Understanding the Republican pushback against the CRT


A specter haunts American conservatives, the specter of Critical Race Theory (CRT).

This theory has become the primary target of Republicans seeking to combat a perceived invasion of radical left propaganda into the mainstream, including in our own schools. But where does it come from?

According to Google Trends, the topic was rarely searched until September 2020, when it saw a slight spike in interest. It was around this time that former President Donald Trump issued an executive order deemed a ban on teaching CRT. The fact that such a thing is in the spotlight so quickly suggests a less than natural trend.

That’s because the sudden controversy was deliberately engineered by activist Christopher Rufo, a conservative who laid out his plans on Twitter to create a new CRT buzzword.

Rufo posted a series of tweets explaining the plan create a word that Americans would instantly associate with things they didn’t like.

Rufo made the tweets on March 15 of this year, which was followed by a storm of controversy led by parents and experts.

22 states experienced anti-CRT protests, with 6% having a militia presence. Politicians in various states have also attempted to ban CRT.

8 states have successfully banned it, 20 more have similar bills under consideration. The bills in question use anti-discrimination language, but ultimately describe the teaching of concepts such as white privilege as discriminatory.

But what is CRT? Rather than the bane of deception that some have claimed to be, this is an academic perspective from 1970s analysts seeking to understand the ways in which racism affected American legal policy, one example being the role of government in the practice of redlining.

Redlining is the practice of primarily labeling black neighborhoods as too risky financially to offer loans, which prevents blacks from owning homeowners.

The main gripe the Conservatives seem to have against the CRT is the emphasis on how theory holds racism underlies all of society.

This belief is seen as an accusation that whites are inherently racist, although the theory itself is not concerned with the personal beliefs of individuals, but rather with the results of decisions on a personal and social level.

Some educators worry that teaching history about policies like the Jim Crow laws may not be allowed under those laws. Ambiguity may be the point, seeking to force self-censorship among educators and deter discussion of less than flattering topics.

The last strategy employed by anti-CRT activists was the targeting of school board elections. 50 recall elections have been proposed by Republican activists, some aimed at dismissing entire school boards.

A leading group founded to advance this movement has been No Left Turn in Education, started by a mother responding to lessons on the concepts of racism and privilege. The group quickly rose to prominence after the movement’s founder was interviewed by Tucker Carlson.

This led to protests at school board meetings, some of which turned into threats of violence from protesters.

Another strategy has been to request documents on all aspects of the school curriculum, as a concern raised by protesters is the lack of transparency from educators. Such requests can take up to hundreds of hours to process and some speculate that the goal is not transparency but to bury educators under a load of paperwork.
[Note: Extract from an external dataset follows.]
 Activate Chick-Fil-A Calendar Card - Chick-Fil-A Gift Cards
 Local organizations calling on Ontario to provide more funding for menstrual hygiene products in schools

It’s unclear whether the movement will be successful or not, but what is certain is that the anti-racially conscious education movement is only gaining momentum.

The movement has employed a multitude of strategies and will likely continue to do so in an attempt to tackle any vaguely socially conscious material, regardless of the facts censored to achieve that goal.

The movement also underlies a darker stream of anti-intellectual sentiments and the ways in which the discussion is attacked on issues that touch the political right. One can only imagine what will be attacked next in the name of the fight against ideological indoctrination.